18.4.05

Comme un Premier ministre libanais…

La crise libanaise repose sur deux données insolubles entre elles. L’une d’elle repose sur les vélléités du président Bush d’instaurer ce « nouvel ordre » au Moyen-Orient que son père n’avait eu ni le temps, ni la vision pour mener ; dans ce cas précis, la vision s’appelle « liberté », et est synonyme de démocratie à l’américaine. L’autre n’est autre que l’esprit du pacte fondamental de 1943, qui sous-tend un partage confessionnel des fonctions publiques au Liban ; avant 1975, et force est de le reconnaître depuis 1989, il représentait l’un des rares cas de régime démocratique au Moyen-Orient. La panne institutionnelle que connaît le Liban depuis le 14 février, date de l’assassinat de Rafic Hariri, résulte de la collision entre ces deux conceptions du pouvoir à Beyrouth. Pour la première, il s’agit d’éliminer toute présence syrienne, ce qui est en passe d’arriver. Pour la seconde, il s’agit de maintenir un fragile équilibre entre tutelle syrienne, main-mise hizb‘allahie et espérance d’une jeunesse américanisée.
Il aura fallu plus de deux mois, après l’assassinat de Rafic Hariri, pour qu’une ébauche de solution soit trouvée. Comme toujours en Orient, comme systématiquement en politique, il s’agit d’une solution de compromis entre loyalistes prosyriens et opposition sponsorisée par USAid. Omar Karamé, qui avait succédé à Rafic Hariri lors de la crise « présidentielle » de la fin de l’année dernière, avant de se succéder vainement à lui-même après l’assassinat de leader de l’opposition sunnite, n’arrivait pas à former un nouveau gouvernement, donnant l’impression de vouloir ajourner les législatives, comme la présidentielle et reconduir une assemblée « fabriquée » à Damas. Mais, la France, les Etats-Unis, l’Union européenne ne cessent de répéter que le respect des échéances électorales est crucial.
Plutôt que de laisser la main au camp loyaliste, comme elle l’avait fait précédemment en refusant de participer aux consultations parlementaires pour la désignation d’un Premier ministre, l’opposition a cette fois décidé d’agir et de faire nommer son candidat : Négib Miqati. Cet homme d’affaires sunnite dont les intérêts, notamment dans les télécommunications, s’étendent aussi bien à Beyrouth qu’à Damas, cet ancien ministre, originaire du nord du Liban, a promis d’organiser le scrutin législatif dans les délais, un objectif prioritaire pour la coalition antisyrienne.
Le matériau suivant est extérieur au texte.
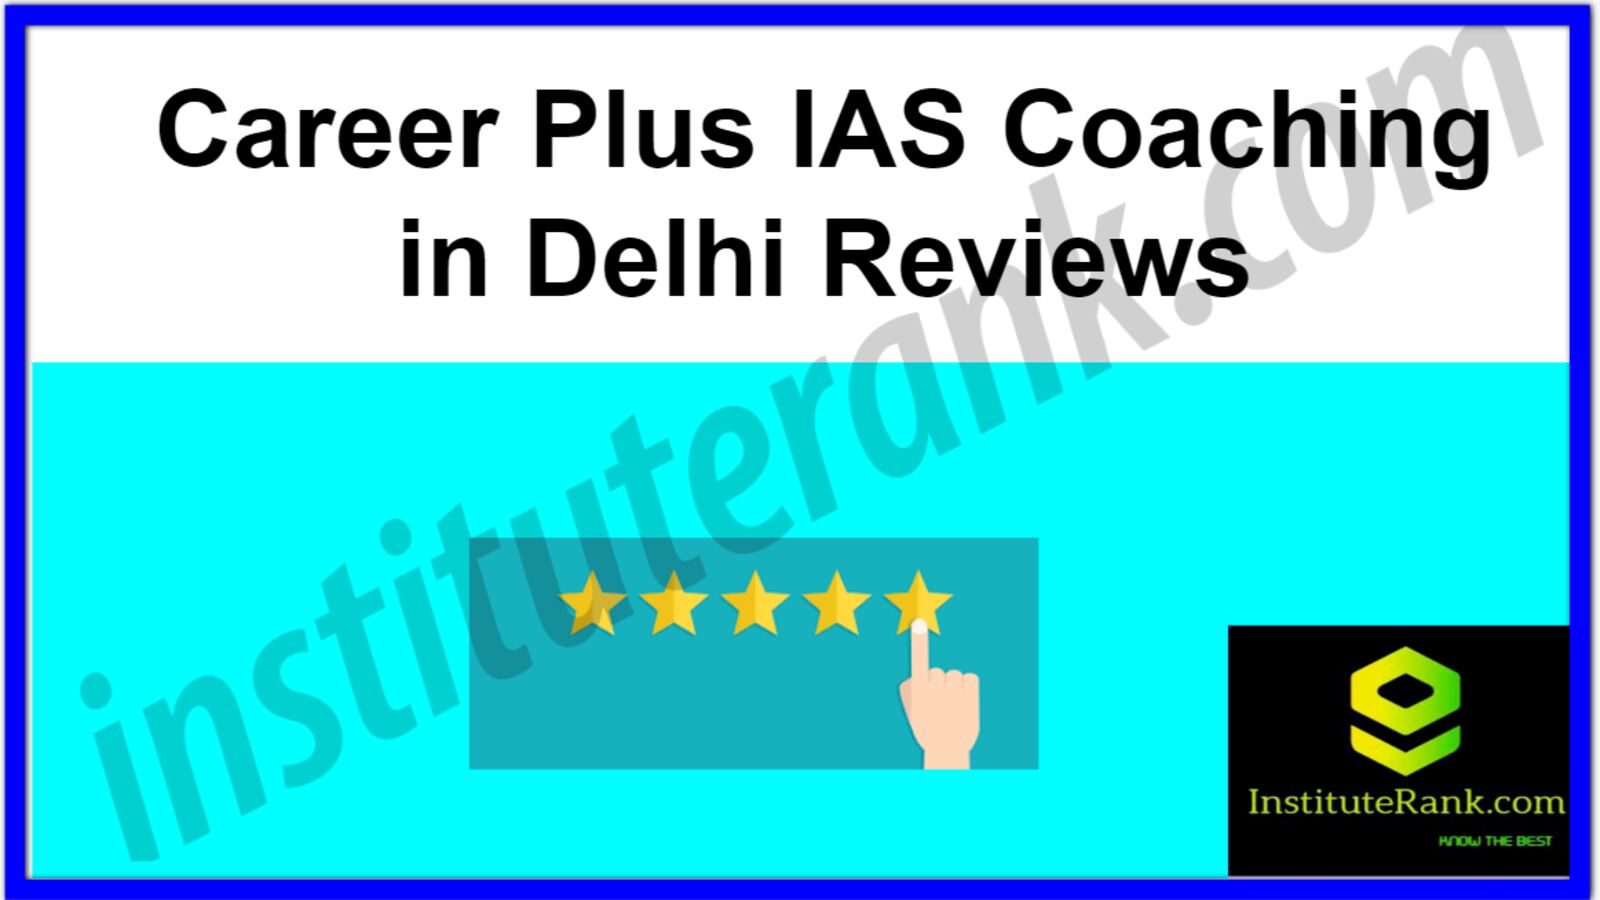 Career Plus IAS Coaching in Delhi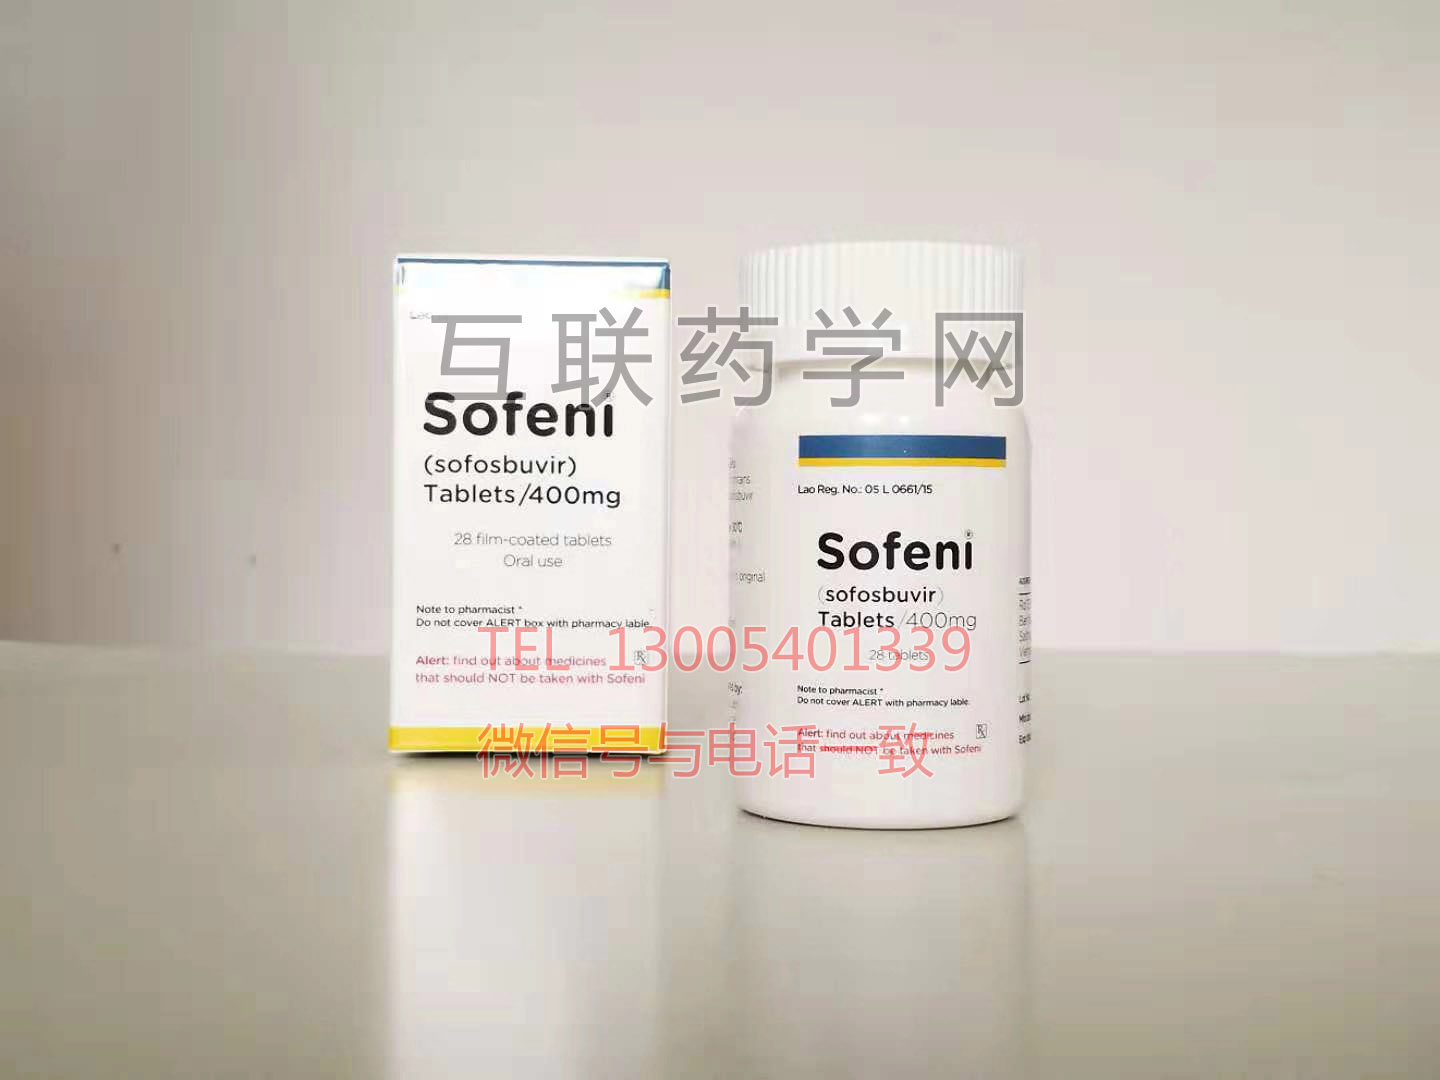  sofeni(sofosbuvir)

Il s’est aussi engagé à limoger les chefs des services sécuritaires, l’une des principales revendications de l’opposition, et à faciliter le travail de la commission d’enquête internationale sur l’assassinat de Hariri dont la création a été décidée par le Conseil de sécurité de l’ONU.
Vingt voix se sont ajoutées aux trente-sept de l’opposition en faveur de Miqati, lors des consultations parlementaires contraignantes organisées vendredi par le président de la République pour trouver un successeur à Omar Karamé. Mais sa désignation n’aurait pas été possible sans la décision d’une partie du camp loyaliste de s’abstenir plutôt que de voter pour l’autre candidat, le prosyrien pur et dur Abdel Halim Mrad. Cette « percée » dans le camp des loyalistes, comme la qualifiait hier le quotidien An-Nahar, illustre la nouvelle stratégie de l’opposition. Plutôt que d’organiser des manifestations massives pour faire plier le pouvoir, comme elle l’avait envisagé, elle a préféré chercher le ralliement de « repentis », selon l’expression du général Michel Aoun, interrogé par Le Figaro.
Le Premier ministre désigné a entamé samedi ses consultations pour la formation d’un cabinet, qu’il souhaite « restreint », et il doit les poursuivre aujourd’hui avec les parlementaires. Mais au-delà de la constitution d’une équipe ministérielle, il lui faudra lever rapidement un autre obstacle avant les législatives : le vote d’une loi électorale. Il lui reste jusqu’à la fin du mois d’avril pour trouver une majorité parlementaire autour d’une formule. Deux, voire trois projets sont en concurrence. Le débat porte sur la taille des circonscriptions et le mode de scrutin.